Chintapalli Sai Spandana, Wang Rongguang, Yang Zhijian, Tassopoulou Vasiliki, Yu Fanyang, Bashyam Vishnu, Erus Guray, Chaudhari Pratik, Shou Haochang, Davatzikos Christos
Center for AI and Data Science for Integrated Diagnostics (AI2D), Perelman School of Medicine, University of Pennsylvania, Philadelphia, PA 19104, USA.
Department of Radiology, Perelman School of Medicine, University of Pennsylvania, Philadelphia, PA 19104, USA.

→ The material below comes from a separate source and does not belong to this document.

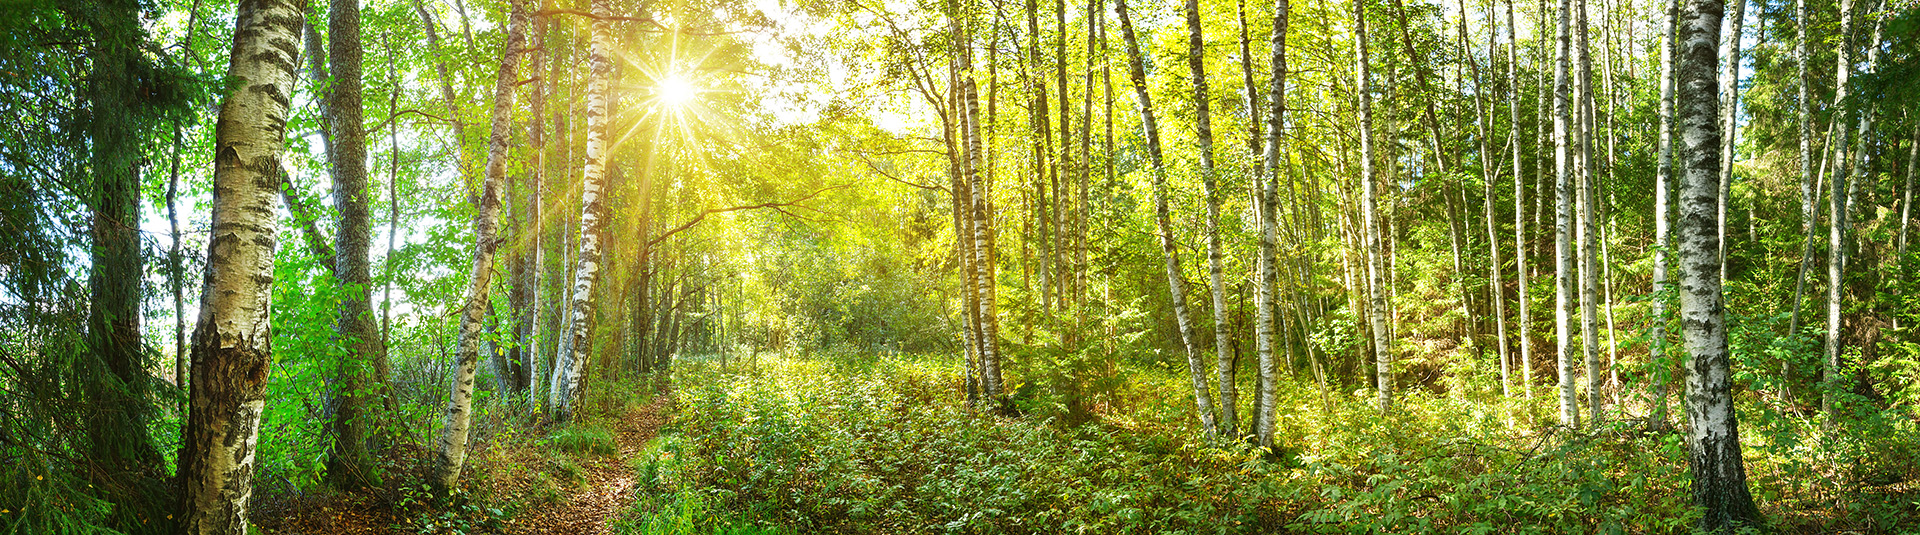 Miljö och hållbarhet - skog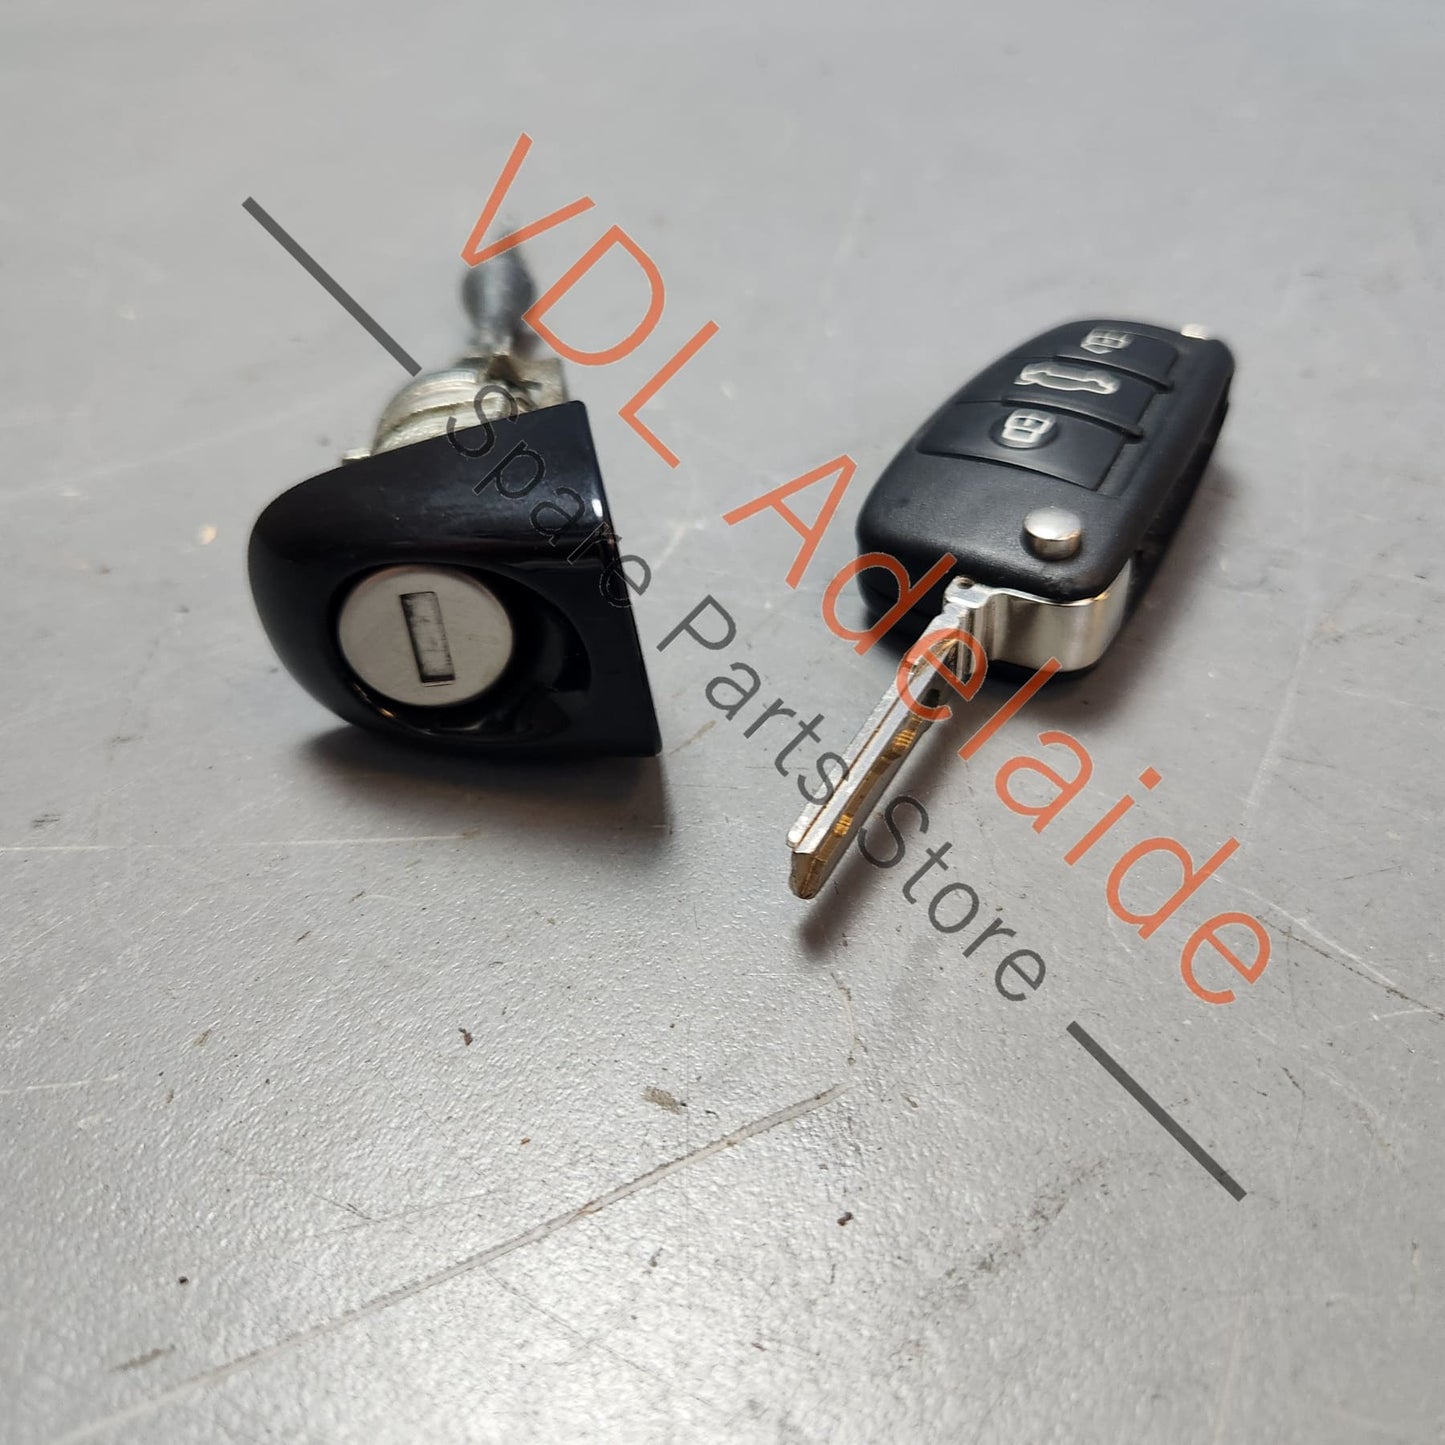 107837168BD    Audi Q7 Door Lock Cap & Door Lock Barrel Cylinder with Matching Blade Key 107837168BD

ArXiv. 2024 Oct 1:arXiv:2407.12897v2.
Availability of large and diverse medical datasets is often challenged by privacy and data sharing restrictions. For successful application of machine learning techniques for disease diagnosis, prognosis, and precision medicine, large amounts of data are necessary for model building and optimization. To help overcome such limitations in the context of brain MRI, we present GenMIND: a collection of generative models of normative regional volumetric features derived from structural brain imaging. GenMIND models are trained on real brain imaging regional volumetric measures from the iSTAGING consortium, which encompasses over 40,000 MRI scans across 13 studies, incorporating covariates such as age, sex, and race. Leveraging GenMIND, we produce and offer 18,000 synthetic samples spanning the adult lifespan (ages 22-90 years), alongside the model's capability to generate unlimited data. Experimental results indicate that samples generated from GenMIND agree with the distributions obtained from real data. Most importantly, the generated normative data significantly enhance the accuracy of downstream machine learning models on tasks such as disease classification. Data and models are available at: https://huggingface.co/spaces/rongguangw/GenMIND.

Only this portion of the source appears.